THE local manufacturing sector recorded an improved performance in August this year, particularly on the rate of hiring for new employment in the sector.
In its monthly report on the country’s purchasing managers index (PMI), S&P Global said the Philippines hit a PMI of 51.2 in August, “marginally” improving from the 50.8 PMI recorded in July.
“While this signalled a stronger improvement in the health of the sector, the uptick was weaker than the series average,” S&P Global said.
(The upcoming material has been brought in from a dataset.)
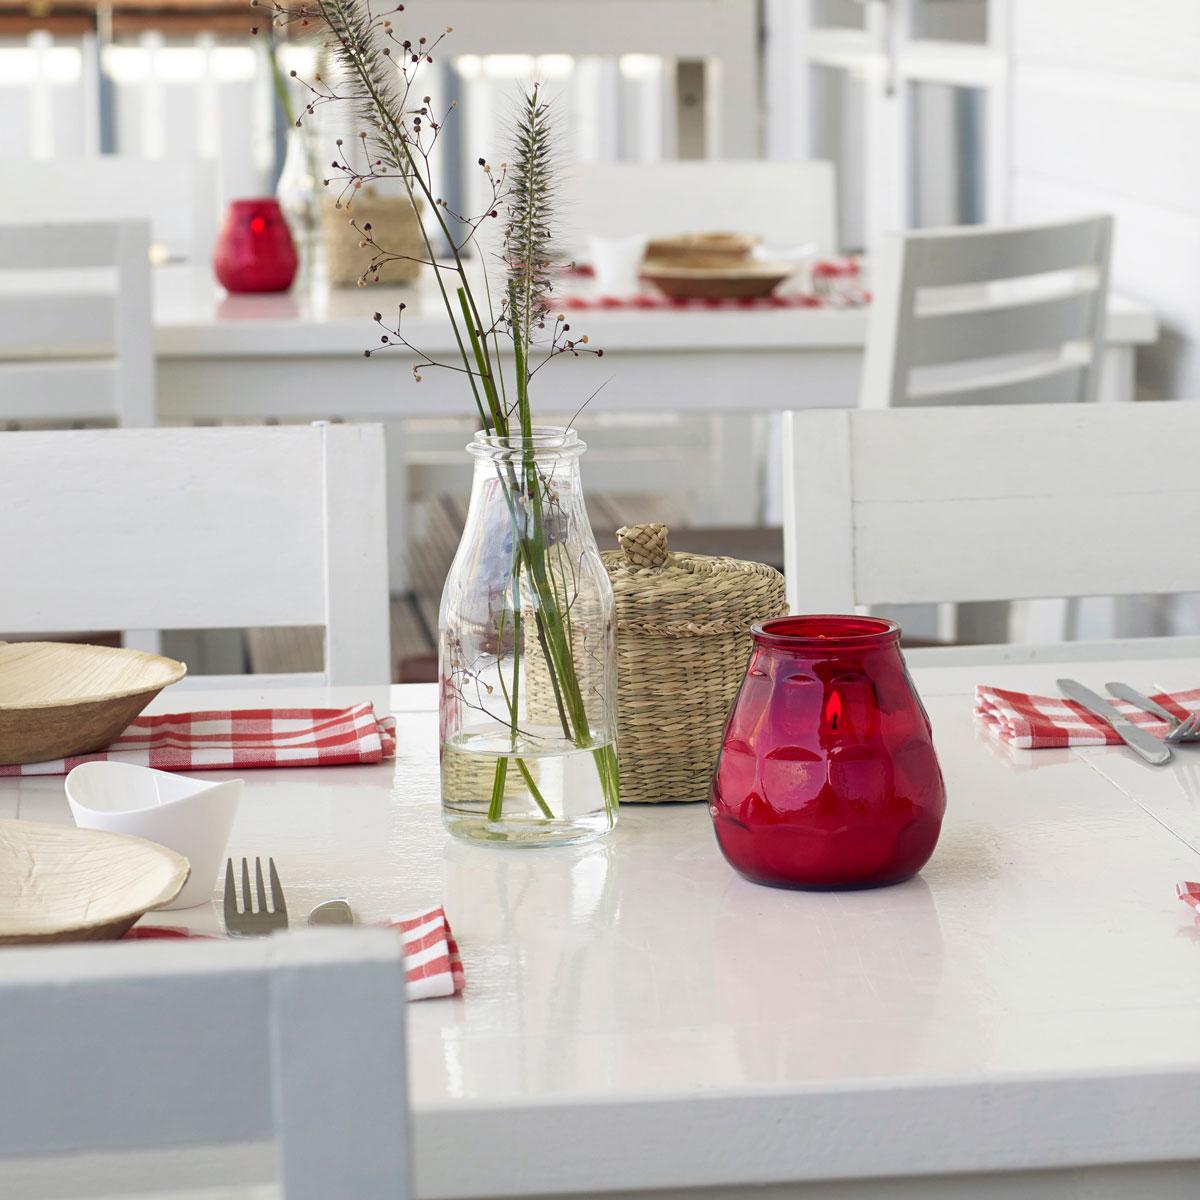 Tischdeko für die Gastronomie im Außenbereich: Weiße Holzmöbel mit sommerlich dekorierten Tischen. Rot-weiß karierte Servietten als Unterlage für kleine Holzschüsseln, geflochtene Körbchen aus Seegras und Glasvasen mit sommerlichen Zweigen. In der Mitte jedes Tisches steht ein rotes, brennendes Glaswindlicht.

A country’s PMI is meant to gauge the health of its manufacturing sector. It is calculated as a weighted average of five individual subcomponents. Readings above 50 show growth in the industry while readings below the 50 threshold signal a contraction in the manufacturing sector. A reading of 50, meanwhile, showed no change to the sector.
“August PMI data signalled an improvement in operating conditions across the Philippines manufacturing sector. Encouragingly, employment increased
strongly and at the sharpest pace since mid-2017,” Maryam Baluch, Economist at S&P Global Market Intelligence, said.
The report further said strong gains in workforce numbers helped boost the latest headline PMI figure during August.
“Firms hired additional staff for the fourth consecutive month as firms hoped for expansion in production in the coming months. Additionally, the rate of job creation was the fastest since June 2017,” the report read.
S&P Global also reported that sentiment across manufacturing firms in the Philippines remained strongly positive during August, with around half of survey respondents hopeful of an expansion in output in the coming 12 months.
Downside risks
“However, growing downside risks to growth challenge the sector. Already we have seen output failing to expand during the latest survey period, and factory orders falling for the second consecutive month. Furthermore, prices pressures remained persistently high,” the economist warned.
In particular, Baluch said some growth headwinds heighten concerns that inflationary pressures, supply chain disruptions, the weakening of the peso and a high interest rate environment, with further hikes expected, will squeeze demand as clients’ disposable income will take a hit.
“While the Filipino economy showed strong growth post-Covid, the following months will challenge momentum, with the PMI data already recording softer output expectations for the year ahead,” Baluch said.
Rizal Commercial Banking Corporation (RCBC) chief economist Michael Ricafort said while the continued pick-up in foreign direct investments in recent months could support increased production and manufacturing activities in the coming months, various “offsetting factors” that may pull down these gains.
“Offsetting risk factors that could be drags for manufacturing growth for the coming months: Relatively higher prices, rising interest rates, risk of recession in the US, some continued lockdowns in China, and the continued Russia-Ukraine conflict.